How The Bangladesh Government Addressed the Indigenous Women Issue In The Country
Bangladesh Government does not tolerate any crime. This idea has been ratified by many international conventions in order to enhance the human rights condition of the country.
The Government and National Human Rights Commission of Bangladesh conveyed his deep concern toward the incident occurring to the Santal people at Gobindaganj in Gaibandha district.
Indigenous peoples of Bangladesh has contribute their significant effort during the liberation war, together with the Bengali people. As such, the land and other rights of indigenous people have to be protected. The High Court of Bangladesh has proved that human rights has been beyond the control by against the attacks on Santal people in Gaibandha.
Violence against women has been increasing day by day, caused by the loopholes within the initiatives and investigations. Perpetrators are easily escaping away and justice has been neglected. Each of the law enforcement bodies, such as Department of Women and Children Affairs and the Judiciary Department, should come forward to play a great role in reducing violence against women along with the Government of Bangladesh.
These issues were addressed during the discussion meeting entitled “Government Pledges and Situation of Indigenous Women and Girls” at the Daily Star Center, Dhaka, on 20 of Mach 2017.
Organized by ILC Member in Bangladesh, Kapaeeng Foundation (KF) and the Bangladesh Indigenous Women’s Network (BIWN), the meeting has brought several stakeholders as well to participate in the meeting.
Speaking in the meeting, Kazi Reazul Haque, Chairman of National Human Rights Commission (NHRC) of Bangladesh, Noted politician Shirin Akhter, Member of Parliament; Farida Yasmin, Deputy Commissioner of Head of Victim Support Center of Dhaka Metropolitan Police; Advocate Rakhi Das Purkayastha, Joint General Secretary, Bangladesh Mohila Parishad; Halima Begum of Department of Women Affairs;
One important note derived from the meeting was addressed by Women Affairs Department representative Halima Begu, saying that the Government has done many efforts in halting the violence against women, yet the dissemination of this kind information is quite low, which causing many women out there have no clue on what to do in avoiding violence, or how to respond on any violence actions against them. No report nor supporting evidences were able to be gathered among the society.

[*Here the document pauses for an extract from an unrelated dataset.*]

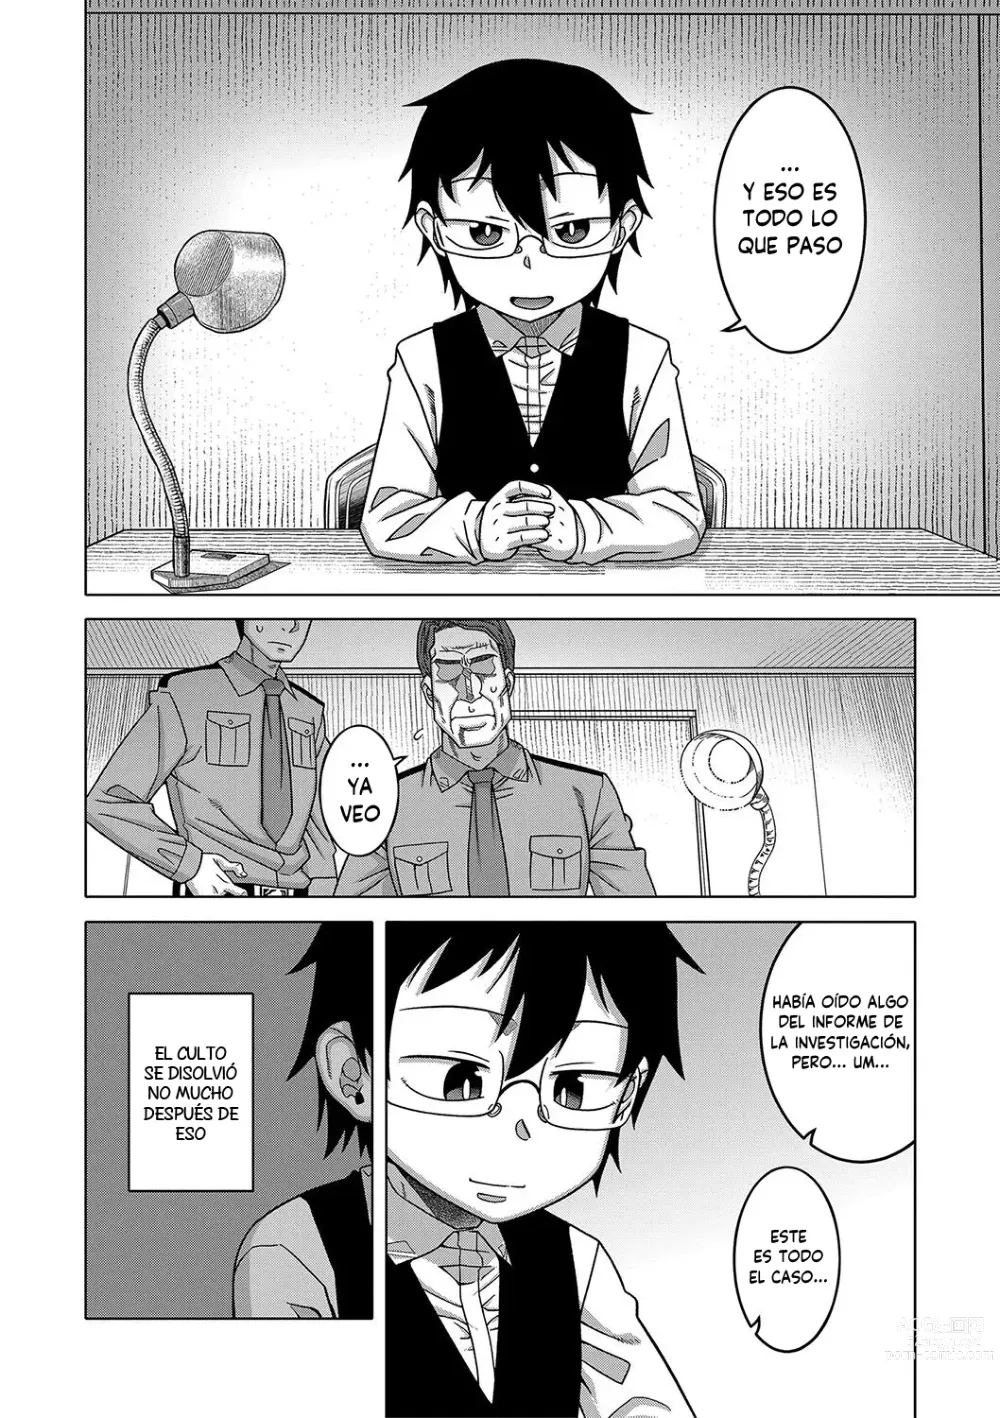 Page 205 of manga Kami-sama no Tsukurikata

Shirin Akhter MP added that all types of violence against women must be monitored directly by the country. Many laws in preventing violence against women are existing, but very weak in implementation. This is the area where the government could focus on, she suggested.
At the end of the meeting, several recommendations emerged to overcome the mentioned challenges. Prof. Dr. Sadeka Halim’s recommendation was NHRC to build a database recording violence against women and demanded to take actions to reduce violence against women.
While in her keynote paper, BIWN Coordinator Falguni Tripura outlined the current state of human rights and pledges the government made through different UN treaties. She also shared an analysis of current state of indigenous women in Bangladesh. In the span of three years, human rights abuse on Adivasi women has doubled and the victims do not get justice from the police, court and civil administration. Falguni has said it may look that the number of crime inflicted upon Adivasi women and child are only 53 incidents, but the ratio in relations to national average is 5.7 percent, whereas the national population of indigenous peoples is only 1.8 percent. Indigenous women and girl victims do not get cooperation from the police, hospital doctors and local administration, which hinders from getting justice for the crime they suffered. Despite constitutional obligation of having reserved seats in national parliament and local government, indigenous women were not represented in Jatiya Sangsad and Local Government Councils, lamented Falguni Tripura of BIWN. The government needs to take stern actions against the perpetrators of the crimes to establish the rights of indigenous women and girls after determining the causes behind such violence, she demanded. Finally, concerning protection of indigenous women and girls from violence, Ms. Falguni Tripura recommended followings:
- Establish the human rights of indigenous women.
- Take immediate and proper actions to reduce violence against indigenous women and girls.
- Ensure punishment of the alleged perpetrators of violence against indigenous women and girls.
- Ensure commensurate compensation and rehabilitation of the victim.
- Ensure proper medical and legal aid support for the victims.
- Ensure effective and meaningful consultations with indigenous women prior to formulating policies concerning the development of women and keep a separate chapter for the indigenous women in the National Women Development Policy.
- Implement the Chittagong Hill Tracts Accord 1997 fully and declare a time bound road map for implementation of the Accord.
- Establish a separate land commission for the plains indigenous peoples.
- Ensure education and health services for indigenous women.
- Take special measures to reduce maternal and child mortality of indigenous peoples.
- Ensure the rights of indigenous women in land and property and recognize the role of indigenous women in preserving the forests and natural resources.
- Ensure quota for indigenous women in every sector and allowances for the widowed and elderly women.
- Ensure indigenous women representative’s area wise in Parliament and Local Government.